__Available records__

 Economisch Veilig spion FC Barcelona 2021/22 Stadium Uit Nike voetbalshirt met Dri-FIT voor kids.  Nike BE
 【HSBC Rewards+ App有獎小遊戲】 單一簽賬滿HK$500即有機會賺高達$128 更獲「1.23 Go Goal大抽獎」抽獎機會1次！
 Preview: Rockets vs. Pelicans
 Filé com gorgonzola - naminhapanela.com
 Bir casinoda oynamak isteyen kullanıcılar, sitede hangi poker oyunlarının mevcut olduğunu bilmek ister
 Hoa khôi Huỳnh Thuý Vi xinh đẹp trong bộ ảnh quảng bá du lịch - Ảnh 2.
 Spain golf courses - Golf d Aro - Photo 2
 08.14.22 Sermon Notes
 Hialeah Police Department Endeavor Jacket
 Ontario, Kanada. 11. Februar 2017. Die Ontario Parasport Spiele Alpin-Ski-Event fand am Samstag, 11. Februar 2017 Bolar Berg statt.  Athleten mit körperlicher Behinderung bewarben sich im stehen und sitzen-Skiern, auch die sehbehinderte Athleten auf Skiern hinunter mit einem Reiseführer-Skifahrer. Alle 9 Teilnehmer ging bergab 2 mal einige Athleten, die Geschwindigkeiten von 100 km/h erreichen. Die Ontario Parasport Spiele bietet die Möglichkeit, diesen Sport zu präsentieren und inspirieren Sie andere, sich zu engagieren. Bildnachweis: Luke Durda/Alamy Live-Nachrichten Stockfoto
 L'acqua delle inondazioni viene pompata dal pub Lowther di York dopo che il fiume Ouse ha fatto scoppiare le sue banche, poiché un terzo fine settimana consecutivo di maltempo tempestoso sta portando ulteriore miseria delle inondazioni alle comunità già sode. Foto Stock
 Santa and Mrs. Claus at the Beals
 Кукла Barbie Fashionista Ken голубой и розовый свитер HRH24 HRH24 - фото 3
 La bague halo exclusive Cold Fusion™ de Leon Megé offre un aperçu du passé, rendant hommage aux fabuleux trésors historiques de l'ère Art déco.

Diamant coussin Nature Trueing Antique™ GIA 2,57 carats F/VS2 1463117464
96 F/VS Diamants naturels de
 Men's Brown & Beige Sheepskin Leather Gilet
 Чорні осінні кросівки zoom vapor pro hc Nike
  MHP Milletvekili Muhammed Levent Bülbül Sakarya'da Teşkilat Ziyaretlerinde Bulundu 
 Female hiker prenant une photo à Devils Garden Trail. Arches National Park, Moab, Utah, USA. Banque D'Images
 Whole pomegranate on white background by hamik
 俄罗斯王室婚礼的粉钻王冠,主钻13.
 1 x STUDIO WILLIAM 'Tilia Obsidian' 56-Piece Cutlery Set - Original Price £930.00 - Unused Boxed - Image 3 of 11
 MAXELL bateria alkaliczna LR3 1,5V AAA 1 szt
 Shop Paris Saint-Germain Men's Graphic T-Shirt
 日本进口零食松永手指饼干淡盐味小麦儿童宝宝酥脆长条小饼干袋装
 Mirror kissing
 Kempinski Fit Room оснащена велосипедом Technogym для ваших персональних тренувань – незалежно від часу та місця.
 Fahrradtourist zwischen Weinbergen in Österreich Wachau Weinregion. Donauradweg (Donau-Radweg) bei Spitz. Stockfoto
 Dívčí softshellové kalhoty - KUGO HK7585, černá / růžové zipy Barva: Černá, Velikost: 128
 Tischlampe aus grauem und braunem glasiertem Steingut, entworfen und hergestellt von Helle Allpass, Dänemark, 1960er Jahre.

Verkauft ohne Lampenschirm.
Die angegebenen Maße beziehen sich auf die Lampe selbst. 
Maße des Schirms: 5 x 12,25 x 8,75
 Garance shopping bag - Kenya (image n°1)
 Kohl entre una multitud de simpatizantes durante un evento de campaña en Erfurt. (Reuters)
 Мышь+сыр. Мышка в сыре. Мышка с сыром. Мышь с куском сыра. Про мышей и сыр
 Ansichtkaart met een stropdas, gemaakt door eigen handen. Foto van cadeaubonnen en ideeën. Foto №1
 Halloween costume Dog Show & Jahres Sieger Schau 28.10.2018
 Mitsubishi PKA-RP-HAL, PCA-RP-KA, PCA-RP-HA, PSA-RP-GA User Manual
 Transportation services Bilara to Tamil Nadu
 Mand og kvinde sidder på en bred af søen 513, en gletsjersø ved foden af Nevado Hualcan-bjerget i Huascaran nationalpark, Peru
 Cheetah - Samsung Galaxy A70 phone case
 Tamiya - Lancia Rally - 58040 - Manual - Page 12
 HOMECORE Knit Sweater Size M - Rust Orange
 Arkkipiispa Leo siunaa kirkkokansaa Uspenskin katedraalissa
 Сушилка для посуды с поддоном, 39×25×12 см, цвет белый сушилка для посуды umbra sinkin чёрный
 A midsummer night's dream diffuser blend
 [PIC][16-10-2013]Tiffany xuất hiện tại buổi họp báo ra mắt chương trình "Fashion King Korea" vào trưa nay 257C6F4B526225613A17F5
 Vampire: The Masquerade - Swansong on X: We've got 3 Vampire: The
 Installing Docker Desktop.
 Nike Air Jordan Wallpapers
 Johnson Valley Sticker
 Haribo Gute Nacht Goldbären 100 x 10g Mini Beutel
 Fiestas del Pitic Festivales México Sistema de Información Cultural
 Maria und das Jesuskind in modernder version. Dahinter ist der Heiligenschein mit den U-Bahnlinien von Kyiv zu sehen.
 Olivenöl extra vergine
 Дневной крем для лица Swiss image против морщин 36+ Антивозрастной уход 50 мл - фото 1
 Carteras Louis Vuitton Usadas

__Task directions__
The answer should be a single number: the count of lines in the data that include the string "Nike".

__Output of the task__
3